Singer-guitarist for popular country duo was involved in a crash near Medford, New Jersey

Troy Gentry of the country music duo of Montgomery Gentry performs on the outdoor stage of the grandstand at The Great Frederick Fair in Frederick, Md., Thursday, Sept. 20, 2012. (AP Photo/Jon Elswick)

Troy Gentry, one half of the duo Montgomery Gentry, died in a helicopter crash on September 8th, 2017.


Troy Gentry, one half of the popular country duo Montgomery Gentry, died in a helicopter crash in Medford, New Jersey on Friday, September 8th, where he was scheduled to perform that evening. With his performing partner Eddie Montgomery, Gentry enjoyed a series of country hits throughout the 2000s, including five Number Ones. He was 50 years old.

The duo’s team shared the news earlier on Twitter, saying that no further details about the crash were known at this time. “[The] family wishes to acknowledge all of the kind thoughts and prayers, and asks for privacy at this time,” they wrote.


Born April 5th, 1967 in Lexington, Kentucky, Gentry and his eventual singing partner Eddie Montgomery formed the band Early Tymz with Eddie’s brother John Michael Montgomery, who’d go on to solo success as a country singer. Gentry tried his hand at a solo career, but eventually reunited with Montgomery to become Montgomery Gentry.

The duo signed with Columbia Records’ Nashville division, releasing their first single “Hillbilly Shoes” and the Top 5 follow-up “Lonely and Gone” – both from the album Tattoos & Scars – in 1999. The next year they were named the ACM’s Duo of the Year, and were nominated several times in the years that followed. Their next album, 2001’s Carrying On, produced the Number Two hit “She Couldn’t Change Me.” Montgomery Gentry really hit their stride in 2002, releasing a pair of Top 5 hits in “My Town” and “Speed” that combined the electrified edge of Southern rock with popular country themes of small town life, family and embracing the good times.

The duo scored their first Number One with the outlaw’s love story “If You Ever Stop Loving Me” from 2004’s You Do Your Thing.
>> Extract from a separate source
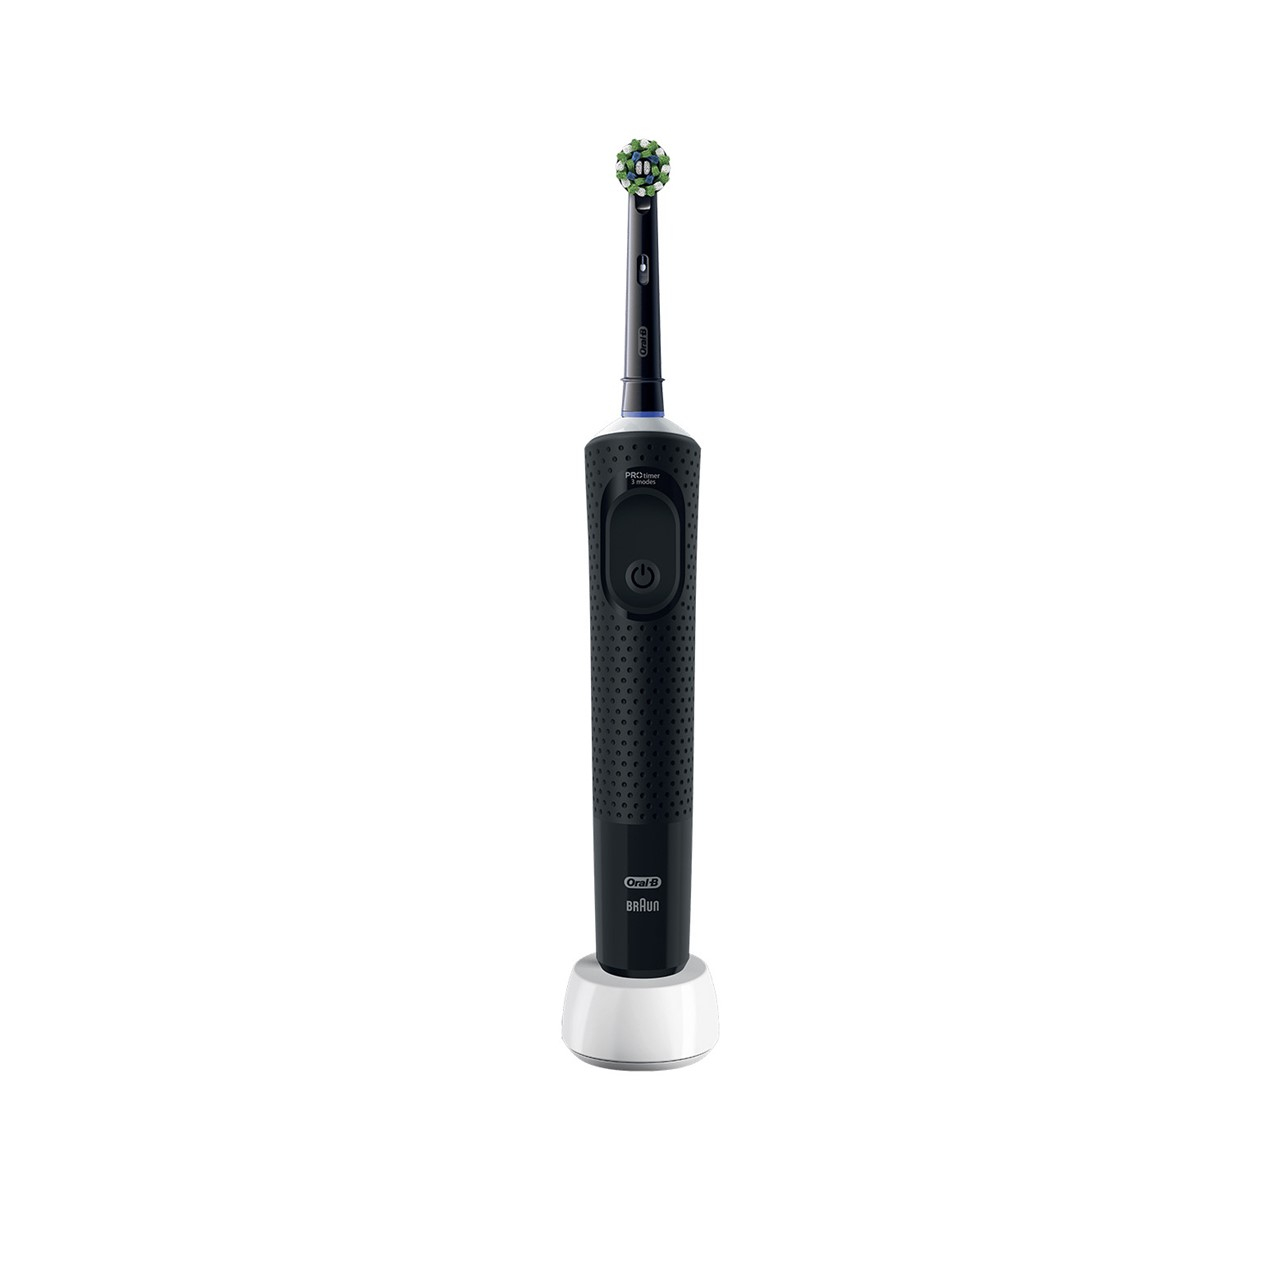 Oral-B Vitality 150 CrossAction Black Electric Rechargeable Toothbrush

They followed that with subsequent chart-toppers “Something to Be Proud Of,” “Lucky Man,” “Back When I Knew It All” and “Roll With Me,” the last of which came in 2008. In 2009, they were invited to join the Grand Ole Opry.

Early in the 2010s, Montgomery Gentry departed Columbia Nashville and signed with independent Average Joes, releasing the album Rebels on the Run and earning a Top 10 hit with “Where I Come From.” Their most recent release came in 2015 with the album Folks Like Us, which produced two singles: the title track, and “Headlights.”

Gentry is survived by his wife Angie and two daughters. Funeral arrangements are not yet known.